Math, asked by otfyoungmiller, 1 year ago

Complete the square to rewrite y = x2 – 6x + 15 in vertex form. Then state whether the vertex is a maximum or minimum and give its coordinates. A. Maximum at (–3, 6) B. Minimum at (–3, 6) C. Maximum at (3, 6) D. Minimum at (3, 6)

Answers

Answered by isyllus
16

Answer:

Option C is correct. Maximum at (3,6)

Step-by-step explanation:

We are given a equation of parabola in standard form, y=x^2-6x+15

we need to convert into vertex form, y=a(x-h)^2+k

Using completing square method,

y=x^2-6x+15                      

( Add and subtract square of half of coefficient of x)

y=x^2-6x+9-9+15

y=(x-3)^2+6                    a^2-2ab+b^2=(a-b)^2

This would be vertex form of parabola,

Vertex: (3,6)

The leading coefficient of parabola is positive.

Therefore, At vertex we will get maximum.

Maximum at (3,6)

Thus, Option C is correct. Maximum at (3,6)

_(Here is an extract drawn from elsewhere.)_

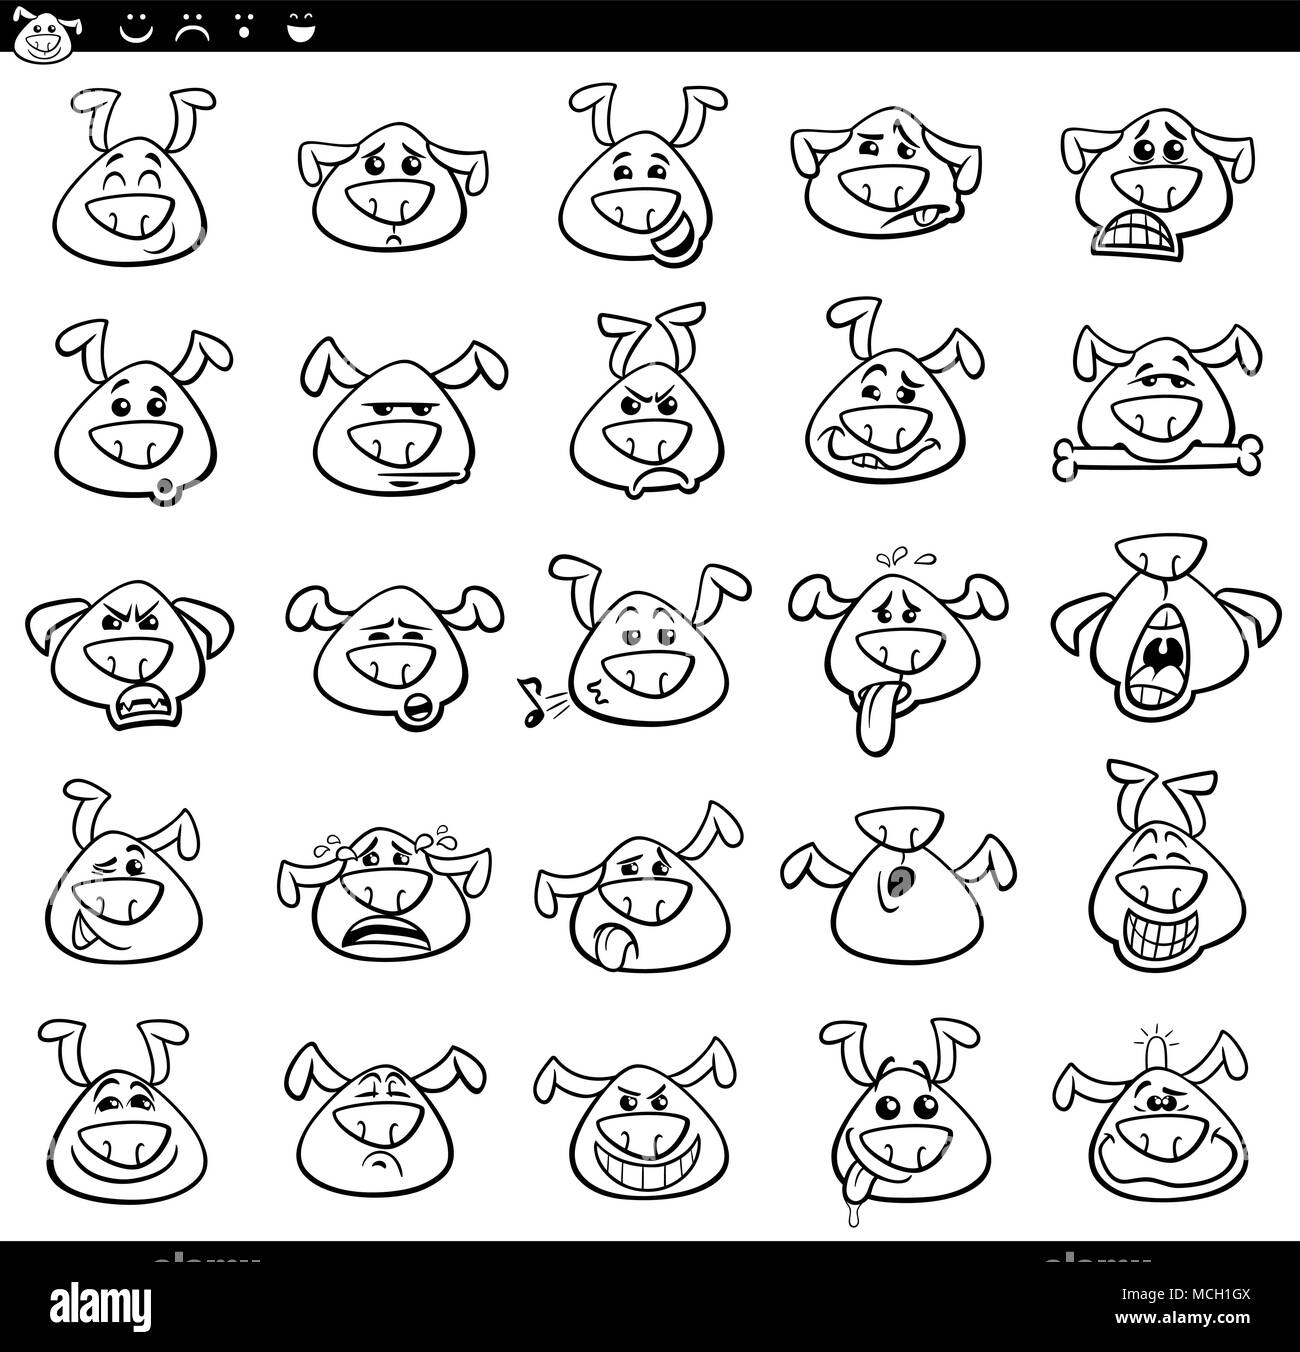 Black and White Cartoon Illustration of Funny Dogs Expressing Emotions or Emoji Icons Set Stock Vector
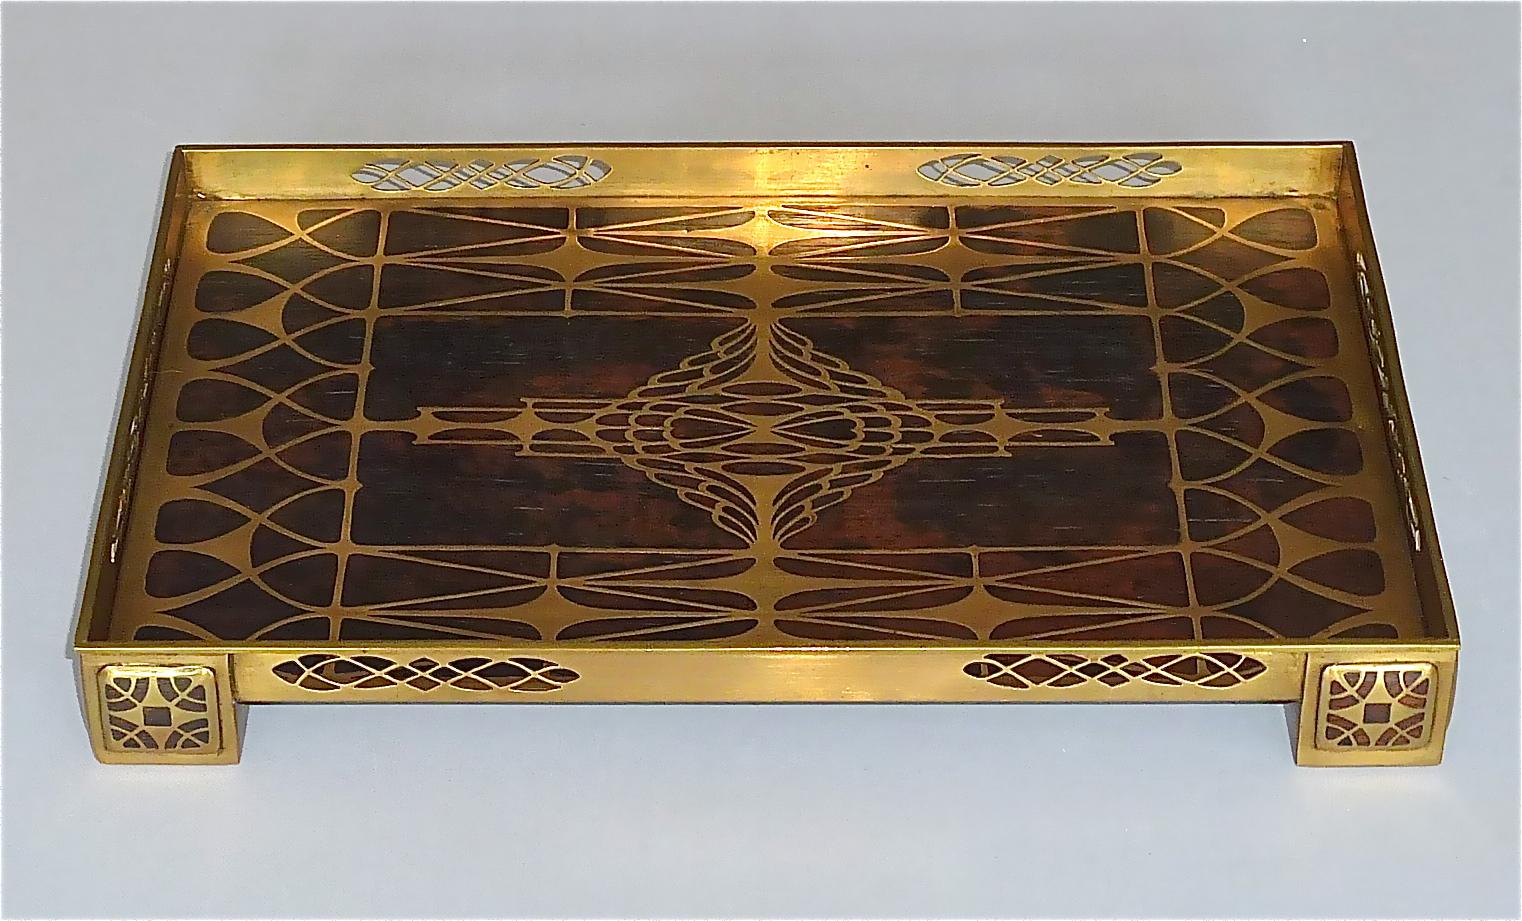 Hand-Crafted Large Tray and Pen Holder Pot Erhard & Sohne Wood Inlay Brass Art Nouveau, 1900

Answered by parmesanchilliwack
28

Answer:

C. Maximum at (3, 6)

Step-by-step explanation:

Here, the given equation is,

y=x^2-6x+15 -------(1)

Which is the equation of parabola,

Since, the vertex form of parabola is,

y=a(x-h)^2+k

Where, (h,k) is the vertex of the parabola,

If a > 0 then the value of y is minimum at (h,k),

While, if a < 0, then the value of y is maximum at (h,k),

Now, from equation (1),

y=x^2-6x+15

y=x^2-6x+15 +9-9

y=(x-3)^2+15-9

y=(x-3)^2+6

By comparing this equation with the vertex form of the parabola,

We get, (h,k) = (3,6)

And, a = 1 > 0

Hence,  y is minimum at (3,6).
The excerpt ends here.